A lot of responses! After reviewing all the suggestions, I filtered out three candidates for listing all the folders in the tree and two methods for listing the immediate folders.

Every folder:

dirs_rglob = [x for x in folder.rglob('*') if x.is_dir()]
dirs_walk = [x[0] for x in os.walk(folder)]
dirs_custom = fast_scandir(folder)

where fast_scandir() is a custom function suggested by user136036, see my code below. I tested the performance with the following Python code:

from pathlib import Path
from os import walk,scandir
from time import monotonic

#user136036 custom code:
def fast_scandir(dirname):
    subfolders= [f.path for f in scandir(dirname) if f.is_dir()]
    for dirname in list(subfolders):
        subfolders.extend(fast_scandir(dirname))
    return subfolders

folder = Path('c:/xampp/htdocs/fonts') # Insert your path here 
msg = 'Using {}, seconds: {}, number of folders: {}.\n'

start = monotonic()
dirs_rglob = [x for x in folder.rglob('*') if x.is_dir()]
print(msg.format('Path.rglob', monotonic() - start, len(dirs_rglob)))

start = monotonic()
dirs_walk = [x[0] for x in walk(folder)]
print(msg.format('os.walk', monotonic() - start, len(dirs_walk)))

start = monotonic()
dirs_custom = fast_scandir(folder)
print(msg.format('fast_scandir', monotonic() - start, len(dirs_custom)))

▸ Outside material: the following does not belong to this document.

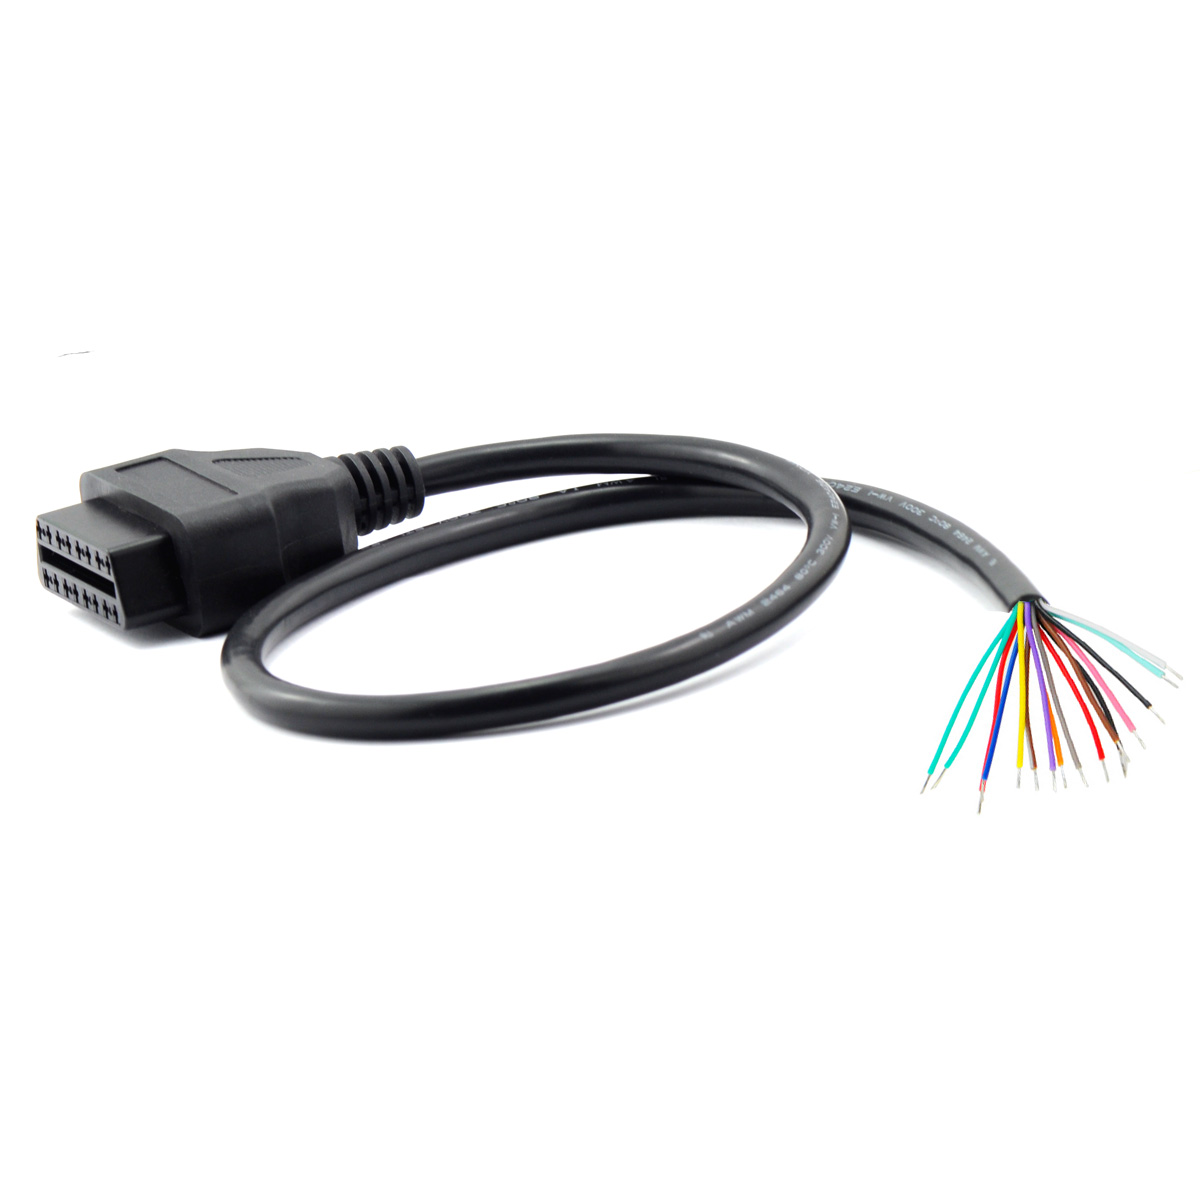 60cm 16-Pin OBD2 Female Connector Pigtail DIY Cable Cord

As stated by user136036, his custom method is the fastest, but not much compared to os.walk(folder), while folder.rglob('*') is really very slow. Since the custom method is not that much faster, I use os.walk(folder), since the latter function has no problems with the Windows operating system for system folders or the Recycle Bin.

If you only need a list of immediate folders, you can use

dirs_iter = [ f for f in folder.iterdir()  if f.is_dir()]
dirs_scan = [ f.path for f in os.scandir(folder)  if f.is_dir()]

The elapsed times are both very small, with the folder.iterdir() method sometimes being slightly faster.

Bottom line: Use os.walk(folder) for the entire tree of subdirectories and folder.iterdir() or os.scandir(folder) for the immediate subdirectories.